Random forests and gradient-boosted trees produce a feature-importance score as a byproduct of training. The classical score is mean decrease in impurity (MDI): for each feature, sum the impurity reductions at splits that use that feature, averaged across trees. MDI is fast and free but has a well-known bias toward high-cardinality features (a categorical with many unique values has more opportunities to split). The more reliable alternative is permutation importance: for each feature, measure how much the model's score drops when that feature's values are randomly shuffled. Permutation importance is model-agnostic, has no cardinality bias, and is the modern default. Scikit-learn exposes it as permutation_importance.
The state of the art in model-specific feature attribution is SHAP (Lundberg & Lee 2017, A Unified Approach to Interpreting Model Predictions). SHAP values are the game-theoretic Shapley values applied to features, decomposing each prediction into feature contributions that sum to the prediction's deviation from the mean. Mean absolute SHAP values across a dataset give a principled feature-importance ranking that respects feature interactions and is consistent in a well-defined axiomatic sense. The shap library provides fast computations for tree models (TreeSHAP, an exact polynomial-time algorithm for ensemble trees), kernel-based approximations for arbitrary models, and deep-network-specific variants. SHAP has effectively replaced MDI and permutation importance as the default in serious production ML reporting.
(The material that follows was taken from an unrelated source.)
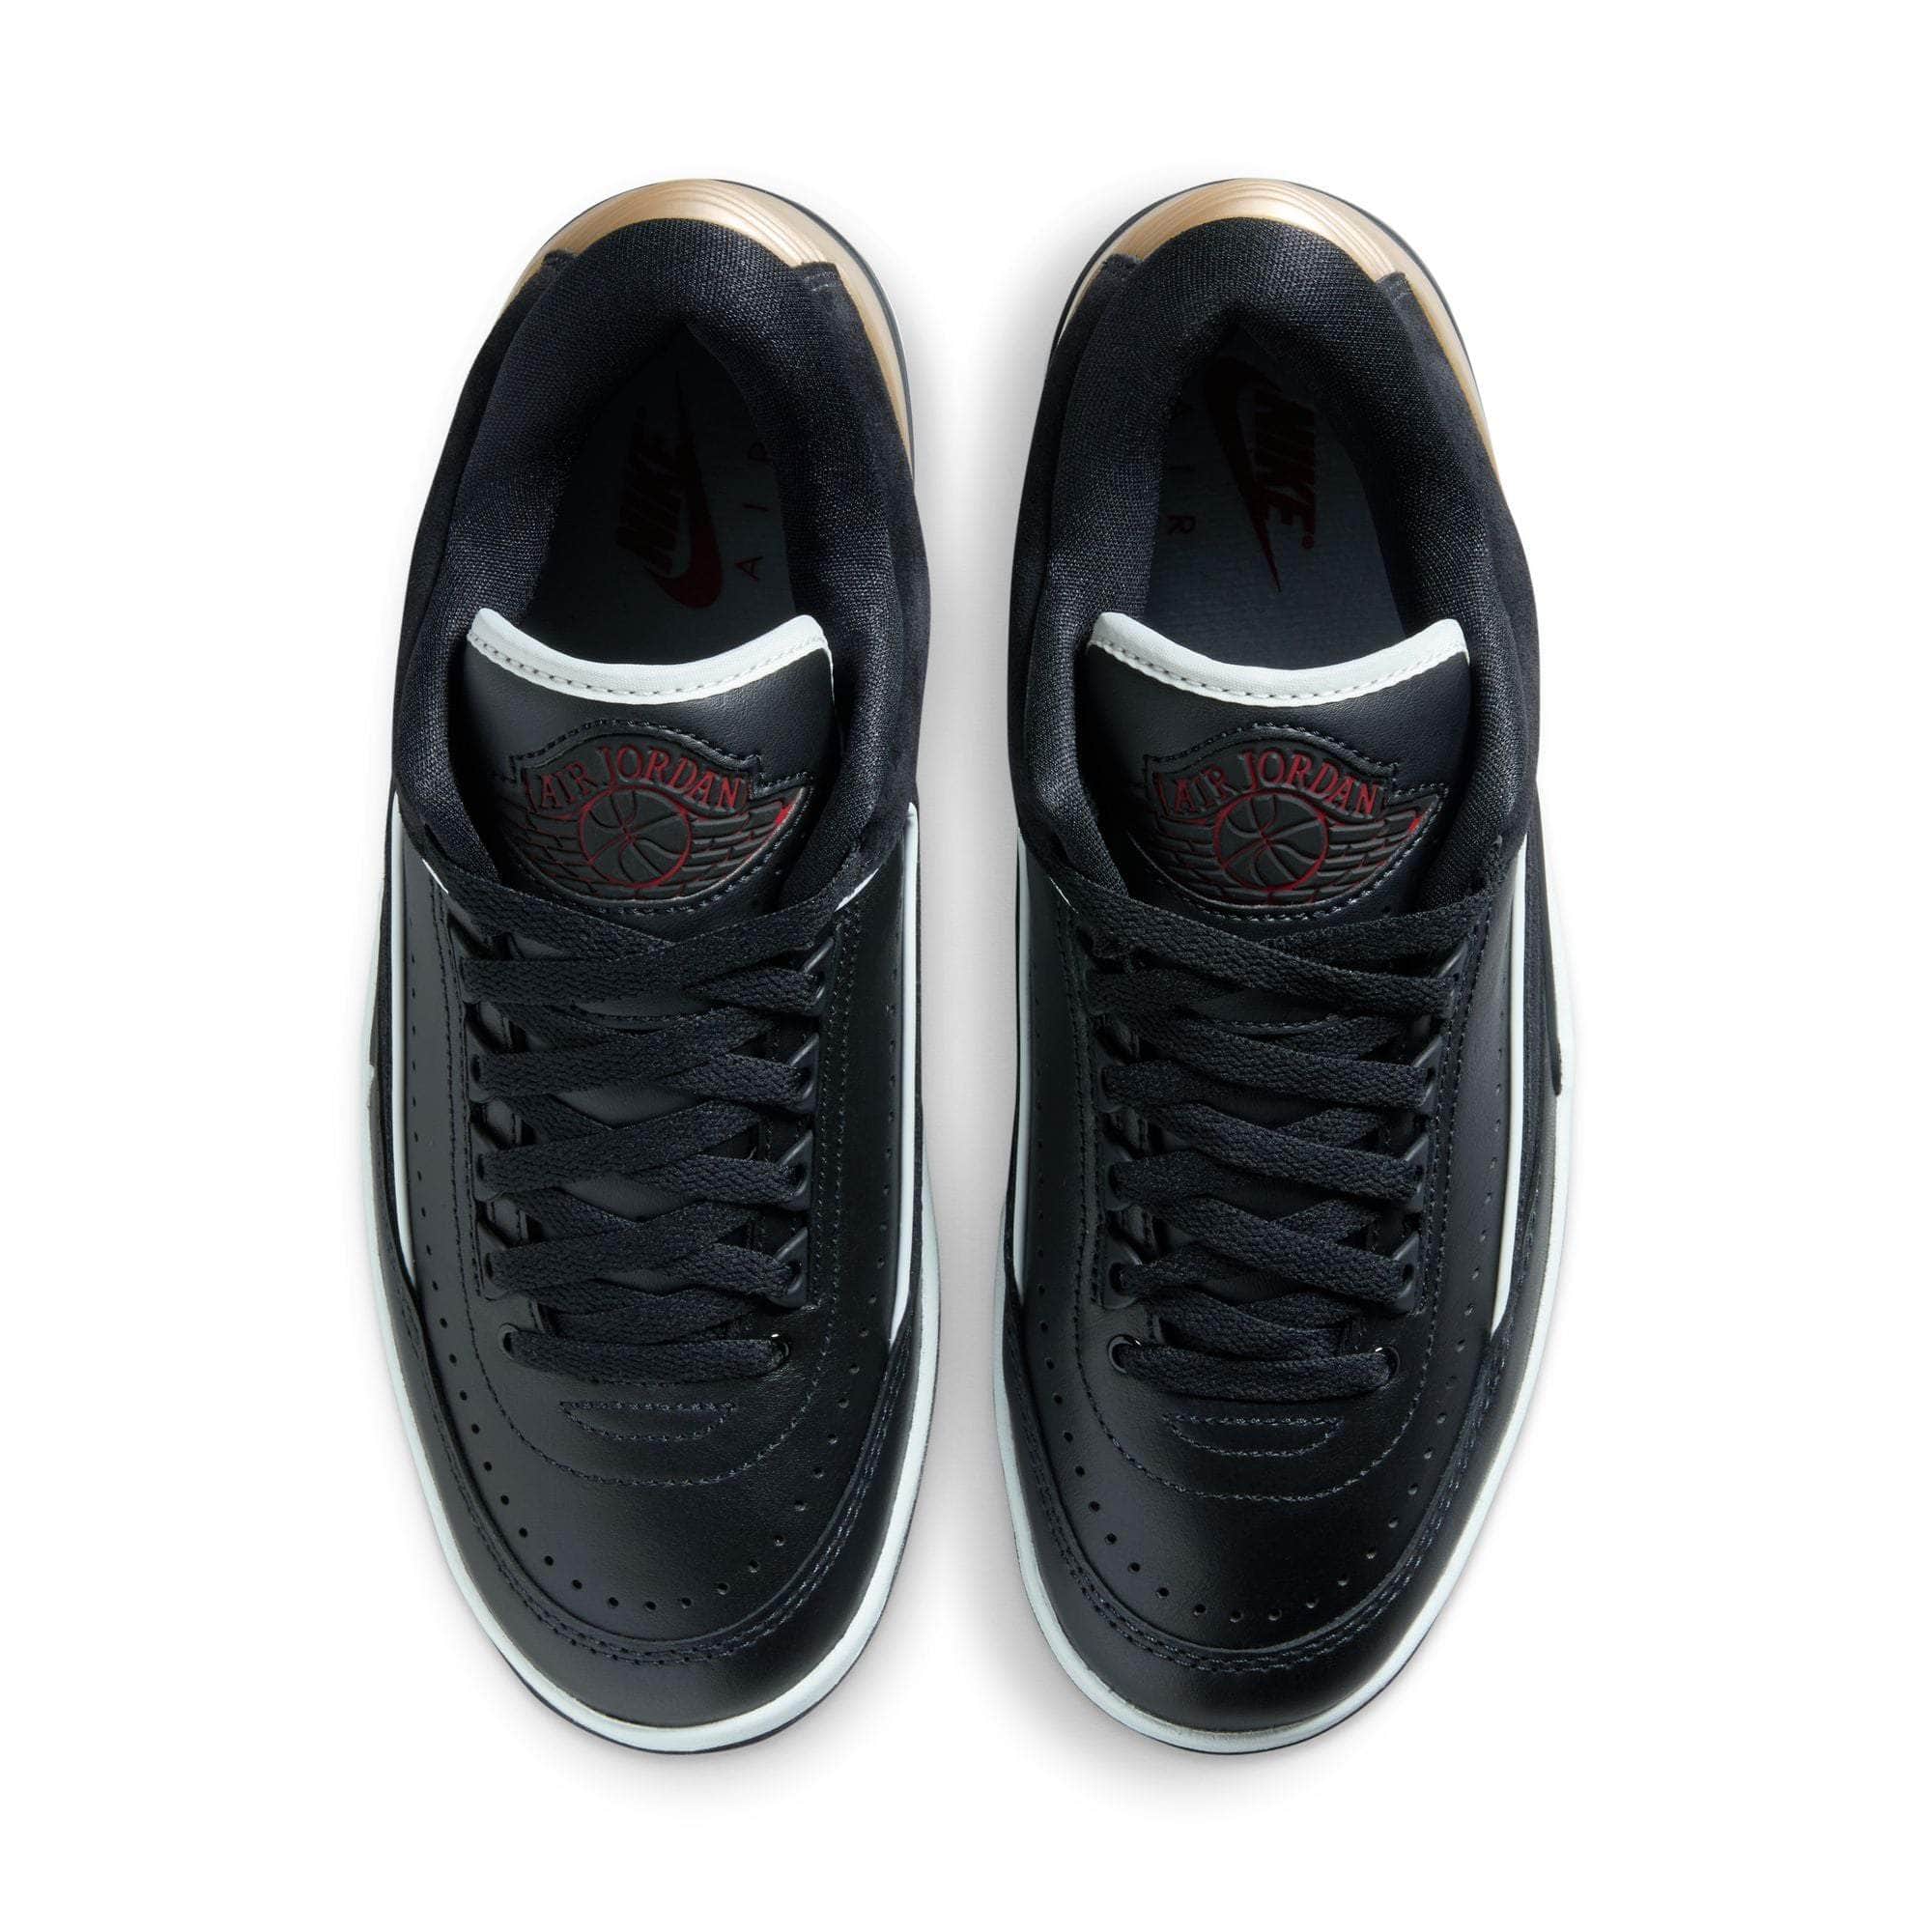 Air Jordan Footwear Air Jordan 2 Retro Low "Black Metallic Gold" - Women's

Boruta (Kursa & Rudnicki 2010) combines the embedded idea with a statistical test. It creates shadow features — shuffled copies of each original feature — and fits a random forest on the augmented dataset. A real feature is retained if its importance is significantly greater (in a repeated-measures sense across forest iterations) than the maximum importance among the shadow features. Boruta answers the "all-relevant" feature-selection question — which features carry any useful information at all — rather than the "minimal-optimal" question that Lasso and RFE answer (the smallest subset that gives the best model). The two questions are different, and Boruta is the workhorse for the all-relevant case, particularly in biology and medicine.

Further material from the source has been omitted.